### Work item:
Please return every line of the material verbatim and skip any images.

### Recorded data:
+---+
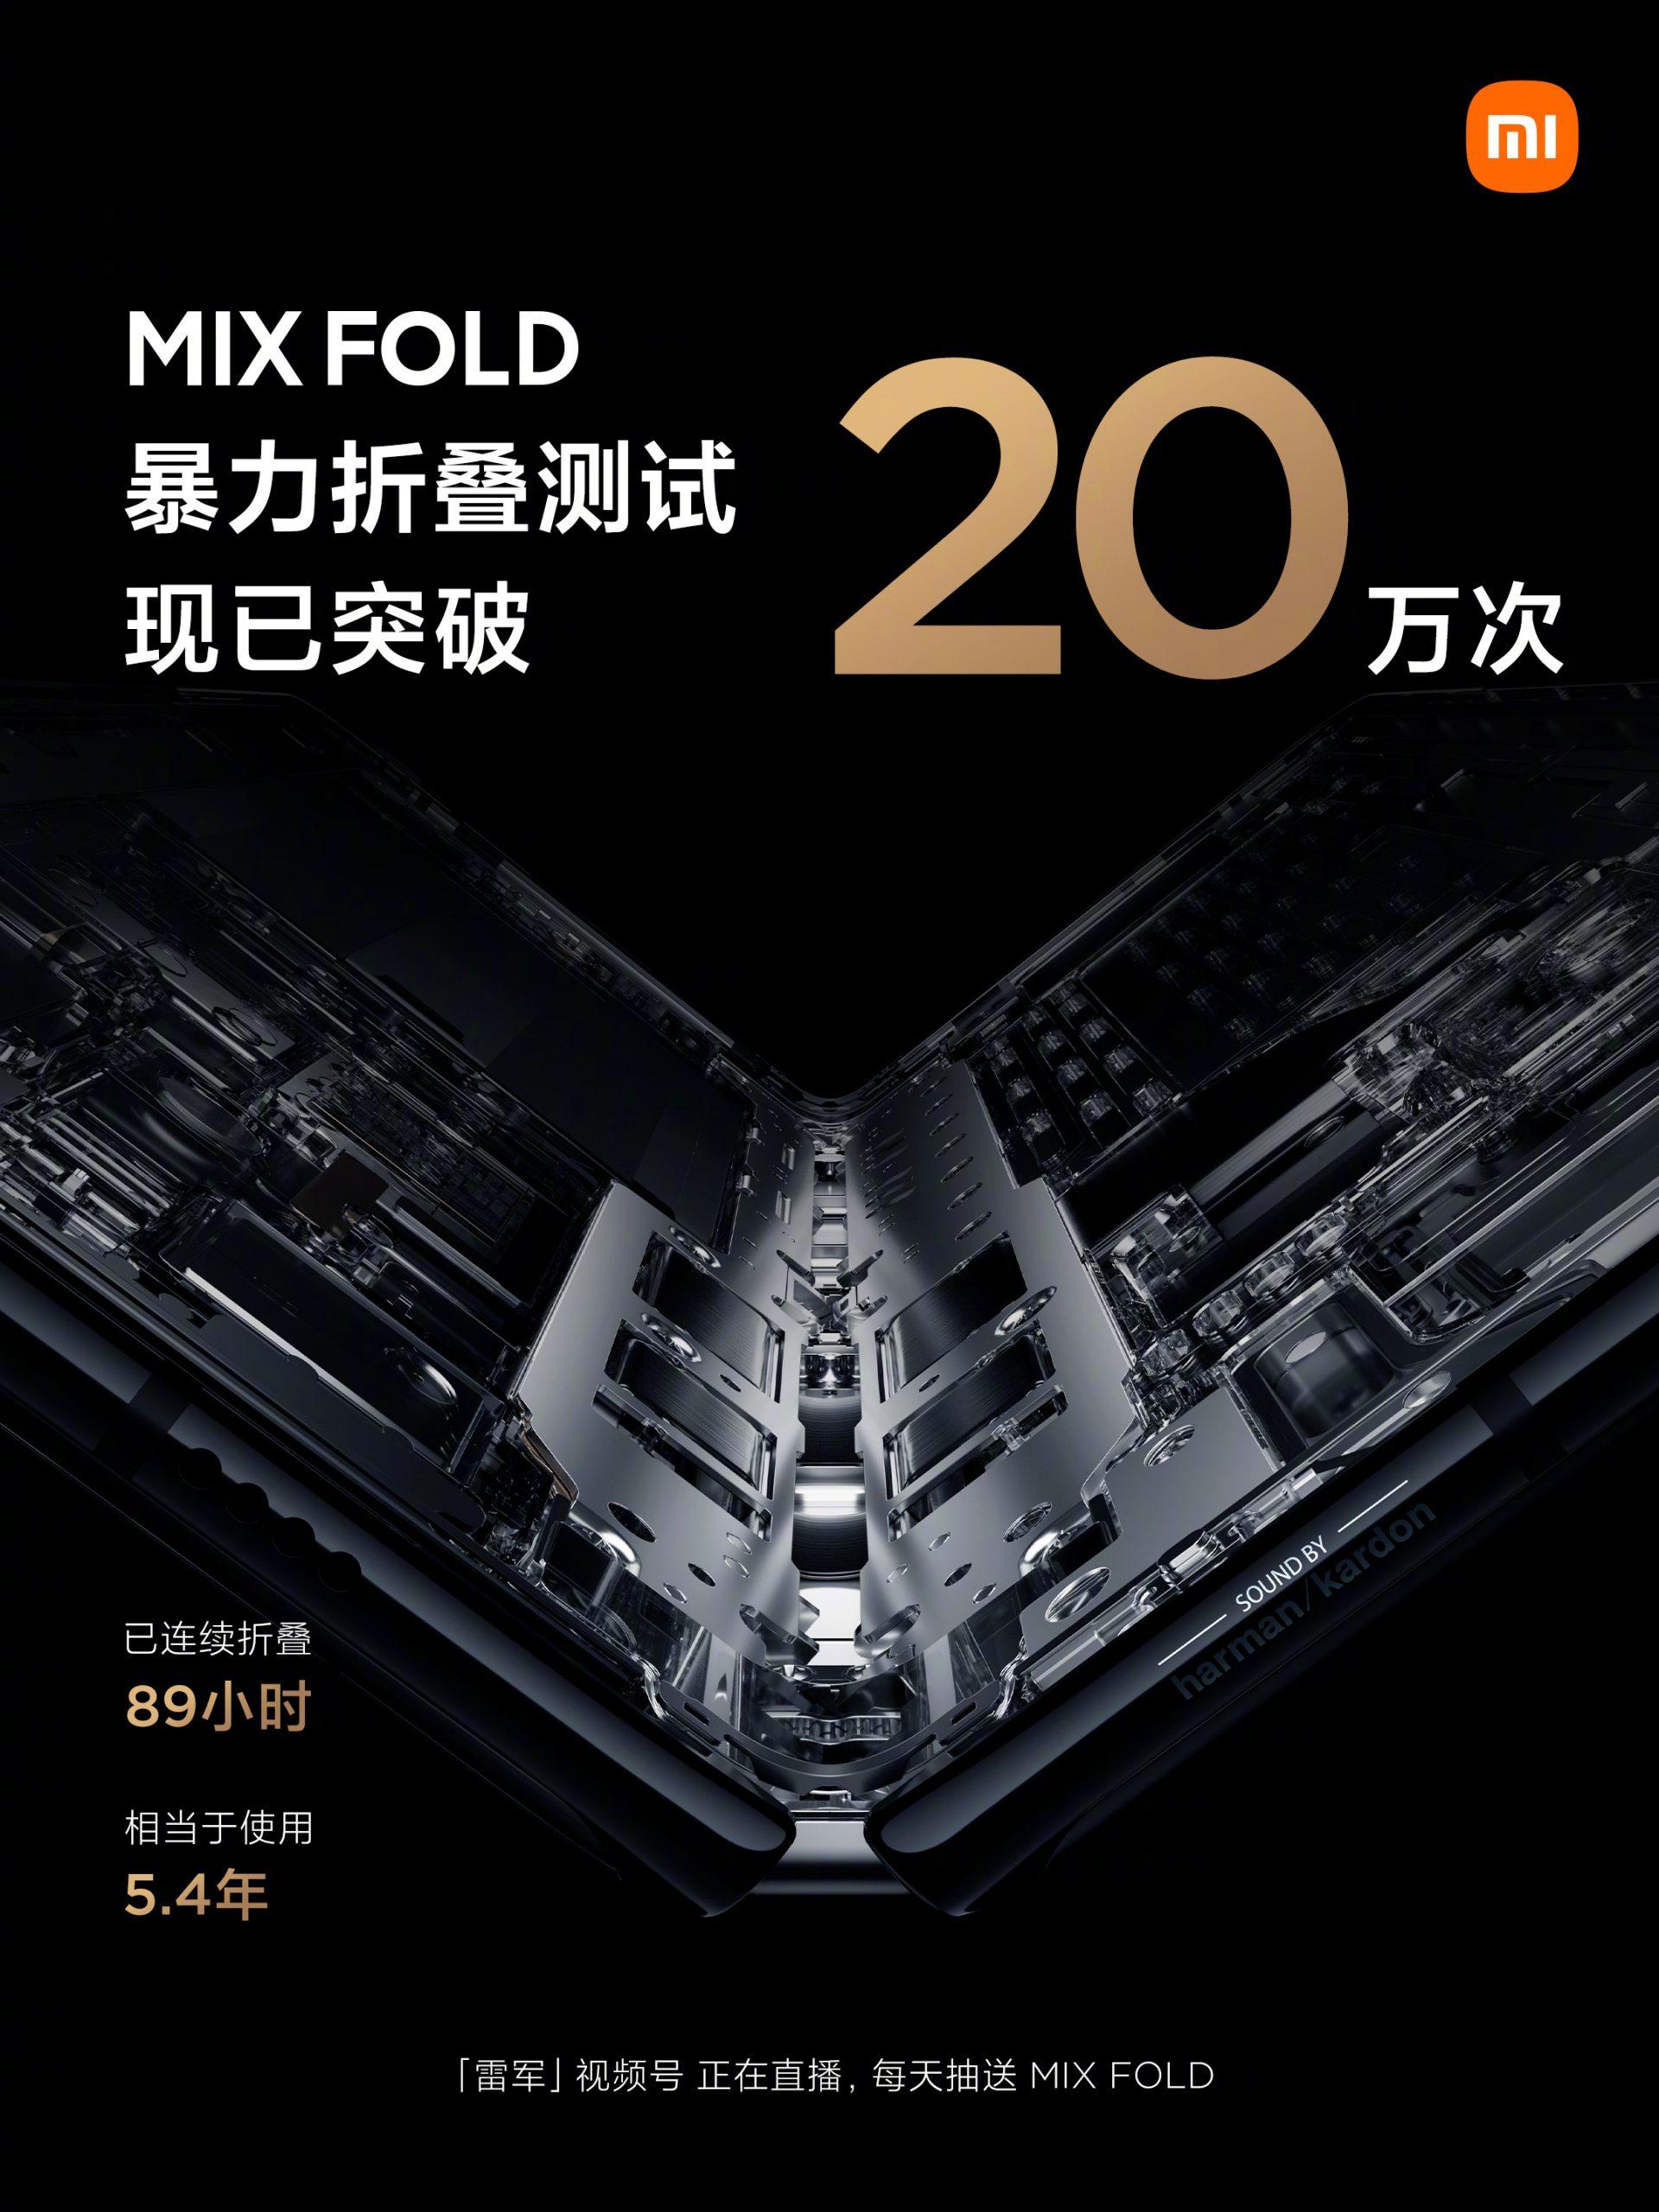 El Xiaomi Mi Mix Fold ha sido capaz de resistir 200.000 aperturas sin presentar daños. Noticias Xiaomi Adictos
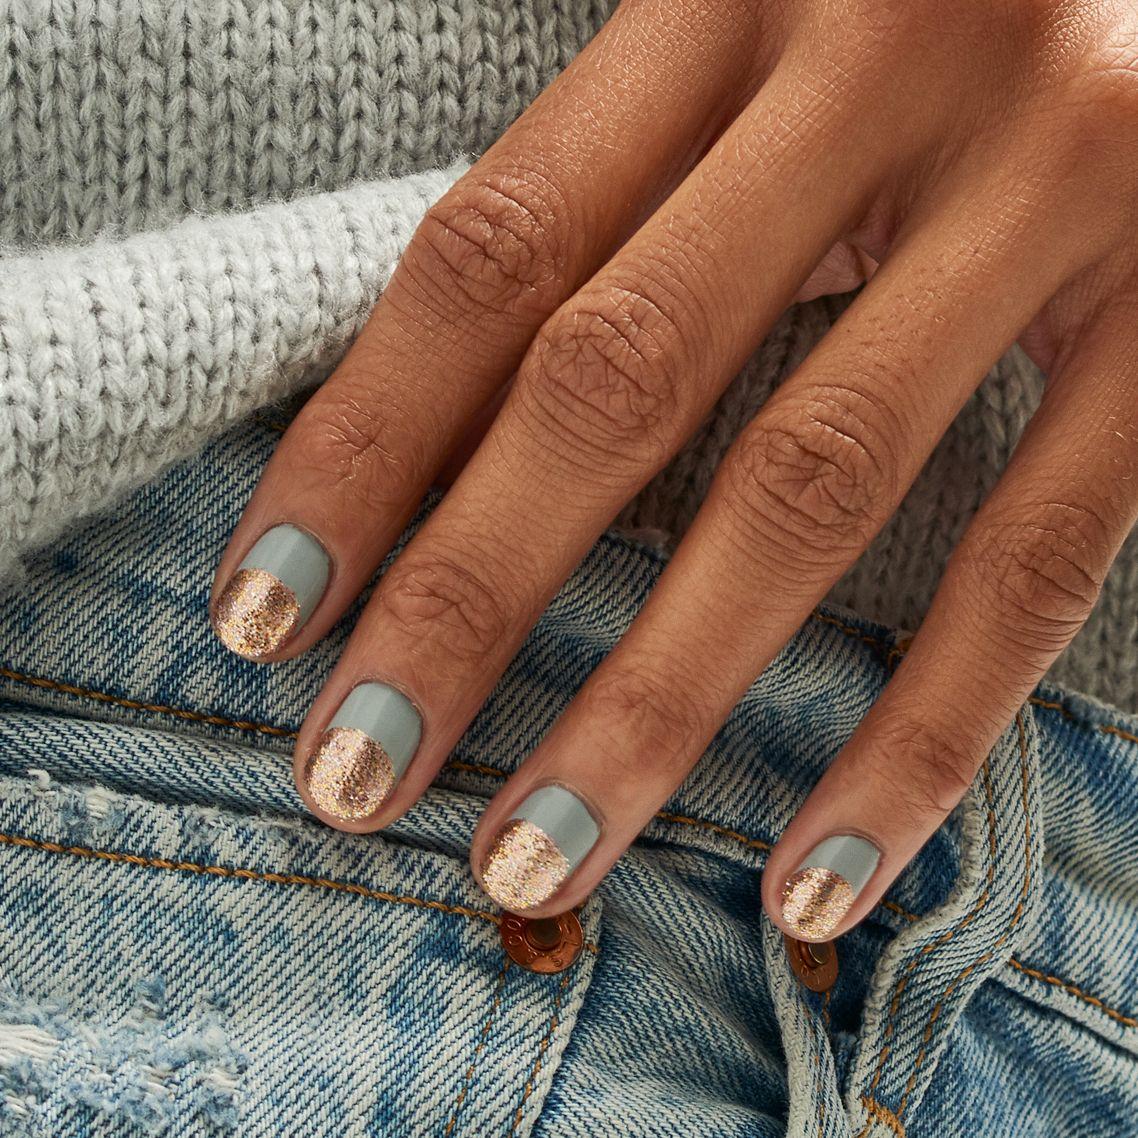 Pin By Paintbox Nails On Mani Magic Minimalist Nails Short Gel Nails Nails
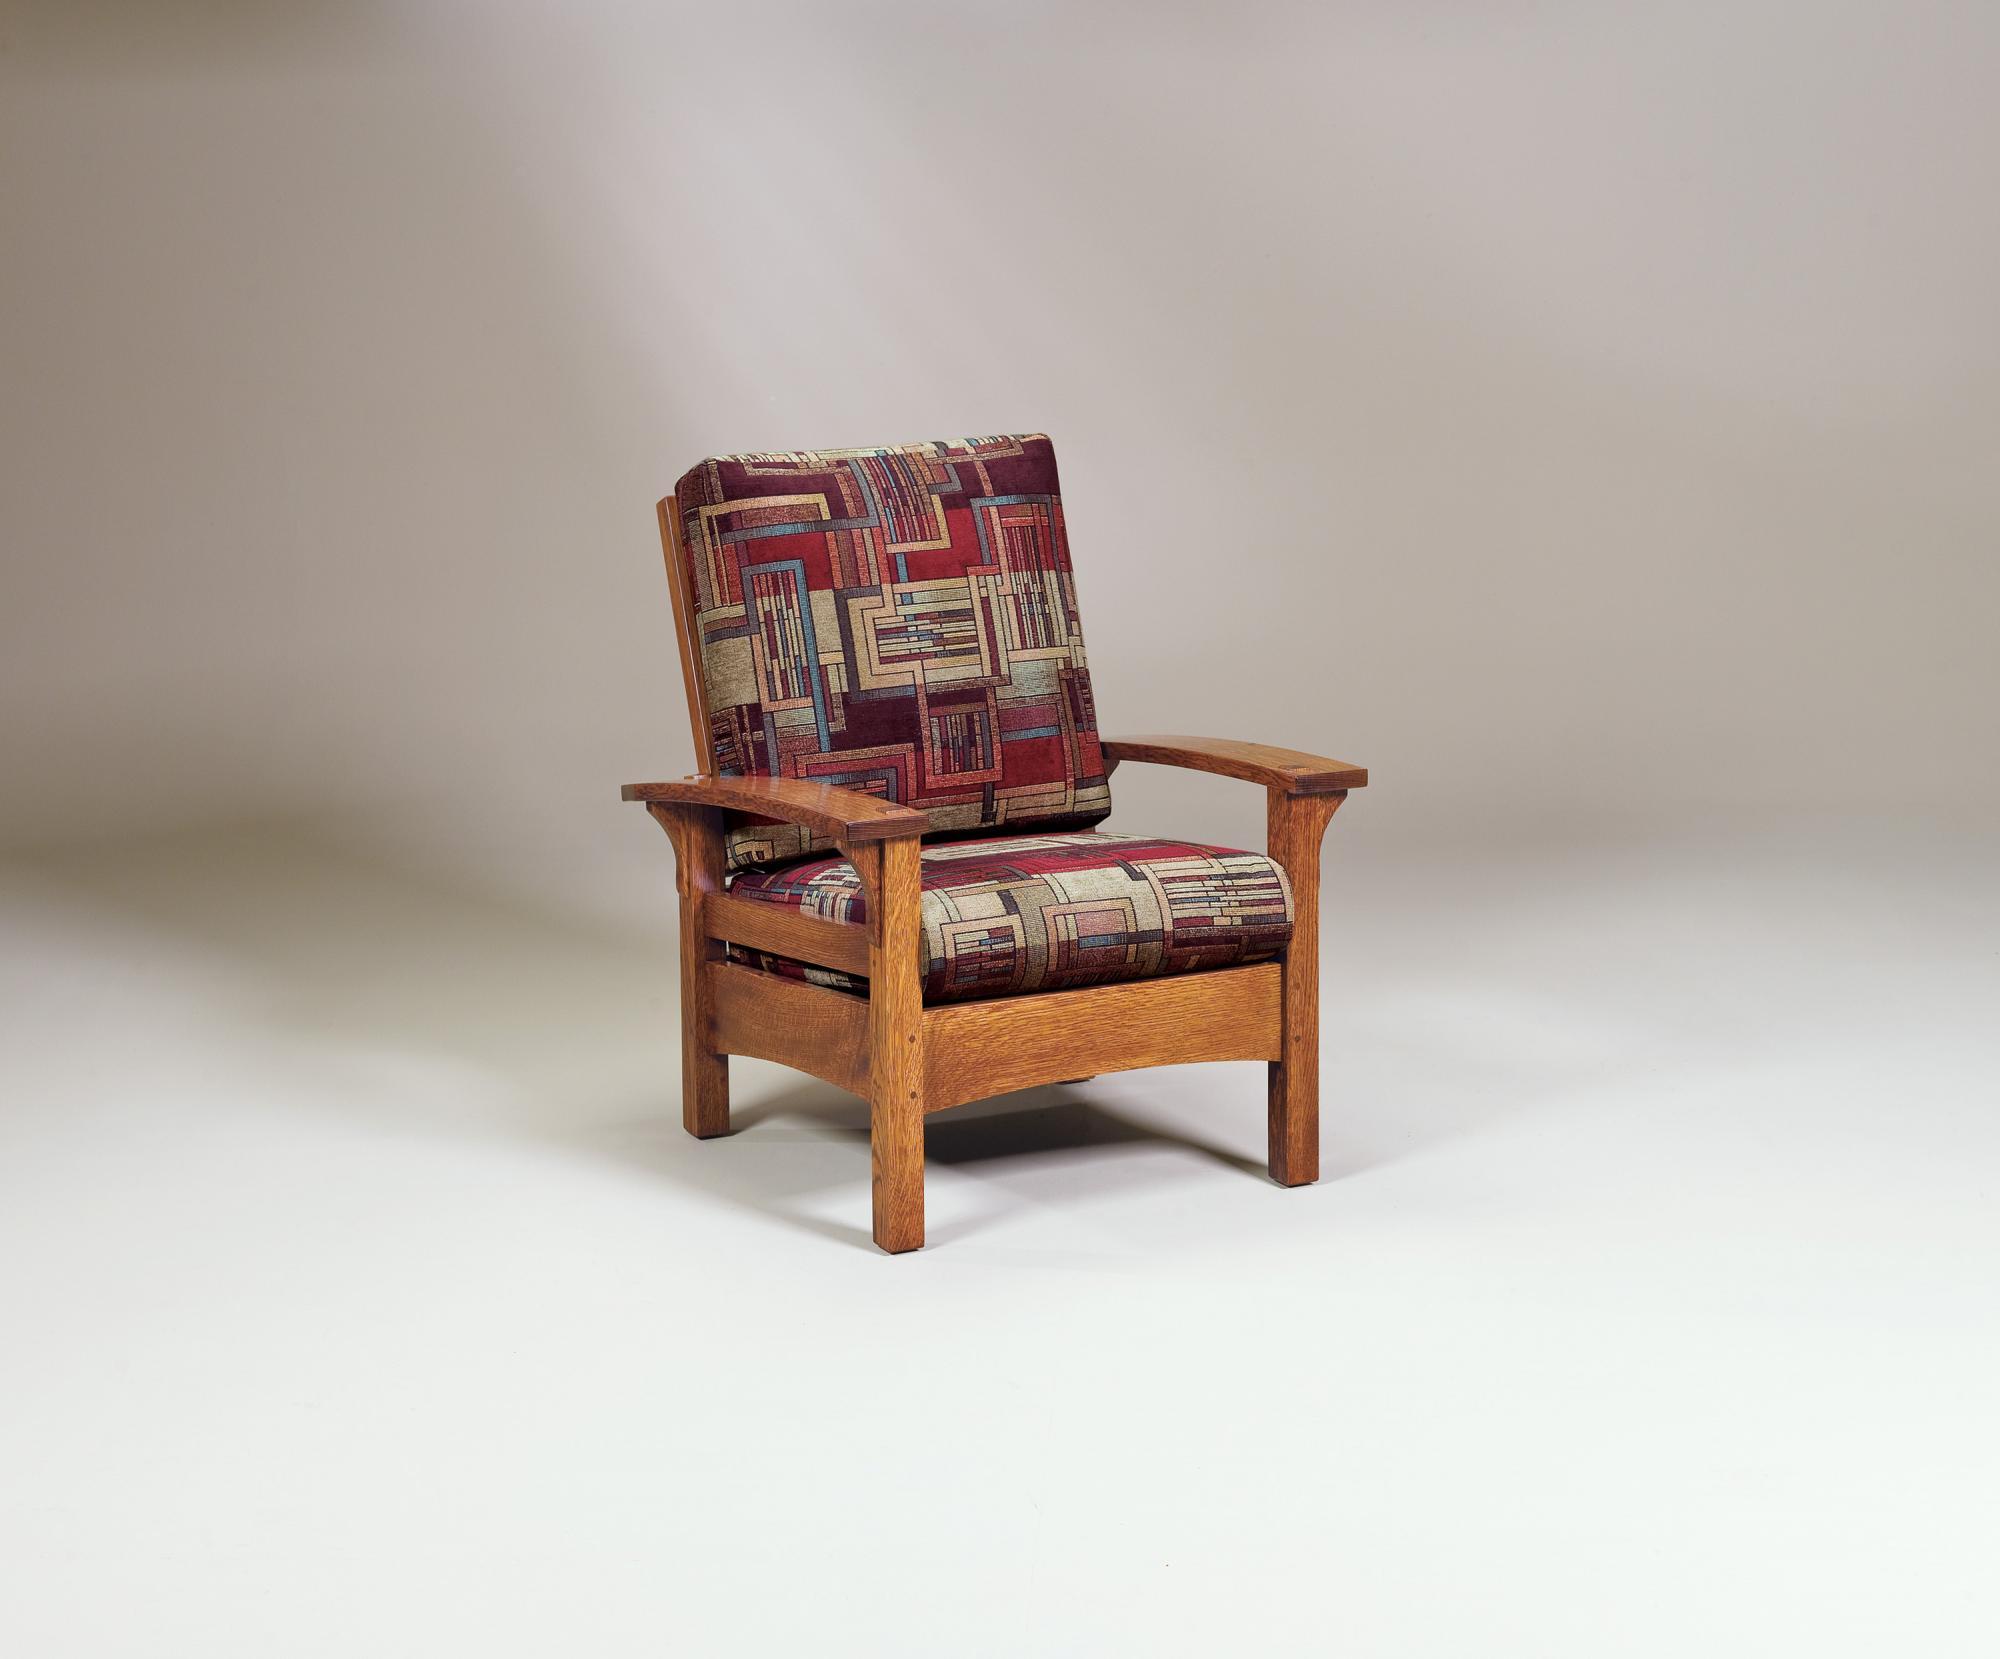 46 Home Furniture Mankato Mn Benchs Mankato Mn Classic Farmers Roll Top Desk Artesa File
+---+
### Answer box:
 El Xiaomi Mi Mix Fold ha sido capaz de resistir 200.000 aperturas sin presentar daños. Noticias Xiaomi Adictos
 Pin By Paintbox Nails On Mani Magic Minimalist Nails Short Gel Nails Nails
 46 Home Furniture Mankato Mn Benchs Mankato Mn Classic Farmers Roll Top Desk Artesa File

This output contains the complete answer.